So where am I going with this post? I
am not really sure. In the end taking on Intellectual Enclosure and the mounting
surveillance society is, well, quite a daunting task. And lets not forget that
we are anyway running in to some really hard walls with our global gluttony of
energy (for example oil) and other resources (fish, farmland, forests) while
spewing out our rest products and destroying what we can not eat (climate for
example). Having an open, democratic society is however a prerequisition for
getting solutions that does not include a neofeudal genocidal
nightmare.

And perhaps most importantly it feels good to fight back.

Comments

And perhaps most importantly it feels good to fight back.
There’s a motto waiting to grace a t-shirt or bumper sticker if I’ve ever seen one. Translate it into Latin for that extra boost of gravitas.
I think you’ve done very well by naming your party as you have. Those in the know already embrace the archetype, and those opposed would assume it’s a silly joke while you are getting on your feet. I commend your cleverness.
Keep your buccaneers under your buccan hat and I wish you extremely well with this.

Posted by: Monolycus | Aug 11 2007 6:07 utc | 1

askod, great post, could you please crosspost it at ET! We need that kind of inspiration, as the EU seems to more and more follow the US example.

Posted by: Fran | Aug 11 2007 6:15 utc | 2

I’ve just started reading Tariq Ali’s Pirates of the Carribbean: Axis of Hope, on Hugo Chavez and the rise of South American populism.
link
And I’m still waiting to hear from Askod if the MAPWA has been ratified yet….

Posted by: catlady | Aug 11 2007 6:24 utc | 3

Meanwhile, rescue operations continue to reach the six trapped data miners below National Security Amnimistration headquarters.
The NSA denies any responsibility, maintaining that its “retreat mining practices”, which involve removing pillars of the Bill of Rights before further hollowing out the Constitution were not the cause of the collapse.
Seismic shifts could be detected across the continent and throughout the media landscape.

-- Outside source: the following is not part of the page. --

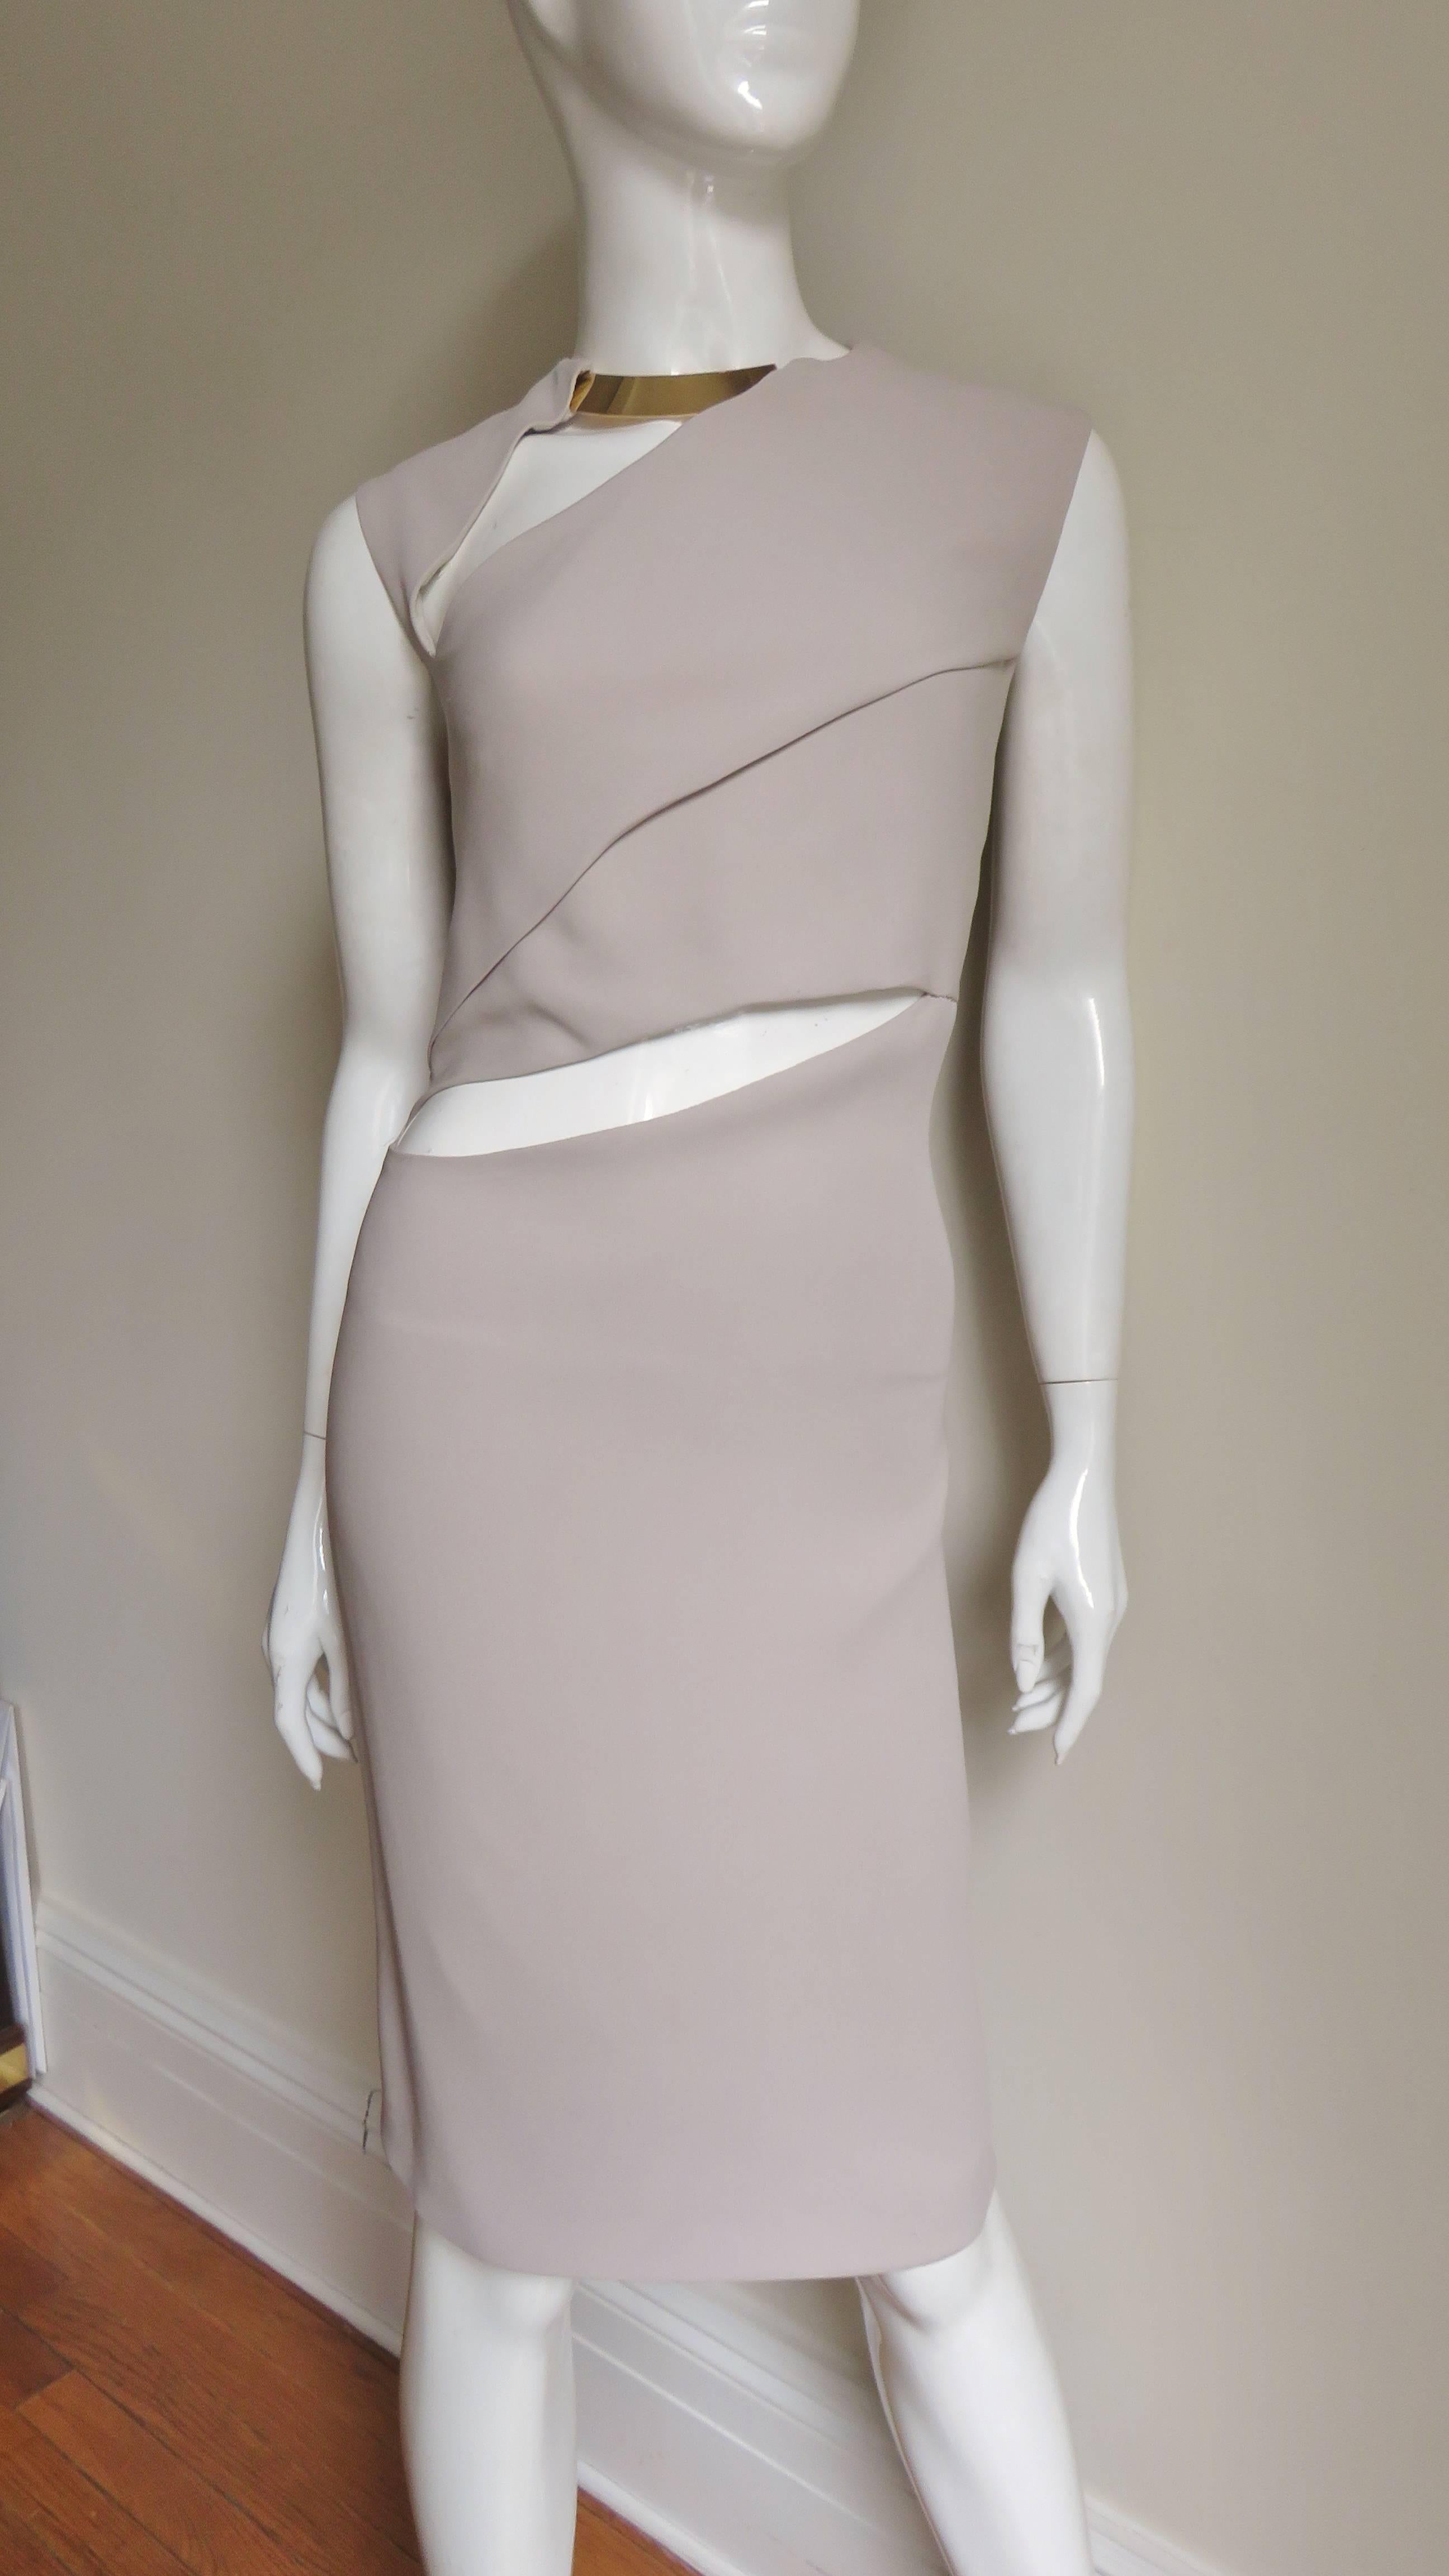 A fabulous light taupe dress by Tom Ford for Gucci.  It has a gold metal collar exposed at the front neck with a diagonal wedge cut out below it, another cut out and fold diagonally are at the waist.  The skirt is straight, there is a matching back

Posted by: ralphieboy | Aug 11 2007 6:54 utc | 4

It’s a great relef to see that there are still those on the offensive in the copywrong issue. This is vital since the attacks on the major warez cooperatives have driven most underground and the pressure has caused a lot of the groups to turn on their fellow humans.
Many nfos now carry a disclaimer from something mild like this from JFKD:
PLEASE DO NOT RACE this to rented sites! ÛÛ
ÛÛ PLEASE DO NOT RACE to Leaseweb/USA/P2P all the same. ÛÛ
ÛÛ° PLEASE DO NOT POST NFO IN PUBLIC!

OR:
P2P and web warez are the end of the scene.
It is competition and our hobby to release –
P2P’s and fucking lamer’s only skill is
leeching.
Don’t share our releases to P2P – they don’t
contribute anything to the scene so they have
no right to use our releases and can buy it!
Furthermore Bit Torrent Tracker, the FXP-
Scene and other One-Click-Hoster are a huge
risk to the whole scene.
to really angry racist and homophobic garbage. Some of this is understandable. The crackers see themselves risking imprisonment while the leeches can be shrill demanding and really offensive. But as soon as the warez groups respond in kind they are helping the big publishing combines just as much as any Iraqi Shia kidnapping a Sunni after USuk blew up the mosque.
M$ are actually helping the resurgence of warez. The introduction of Vista, an over-rated resource hog piece of bloatware whose only innovation is Digital Rights Management which can prevent people from printing their own photos and editing their own video if the initial capture was done on a pre Vista system such as XP.
Vista has also gobbled up every megahz of processor power and nano second latency reduction which PC hardware has wrung out of the system for the last few years and used it to help software publishers enforce their license, so the user get little, no or even minus efficiency dividend when moving to a new system.
Without any geek talk – Microsoft’s attempt to enforce copyright thru Digital Rights Management is likely to fail because the system is so slow and resource hungry that most people don’t like it. M$ has not been selling enough of them, and that flows right through to all the other software publishers and hardware manufacturers. That may well be one of the forces dragging Wall St down.
No one here worried about piracy until a local filmaker in conjunction with their Hollywood backers pulled a stroke to make it look like some greedhead was endangering the NZ film industry. A whole lot of busts took place. They were busts of warez and pirate dvd sellers, I have no time for those people as they are commoditising information in the same way as publishers do, but it has caused more people to buy into the artificial construct of “intellectual property”.
So ASKOD good luck with the party I don’t use Pirate Bay a lot as the torrent thing is too slow compared to Usenet, but I realise there is great safety in numbers.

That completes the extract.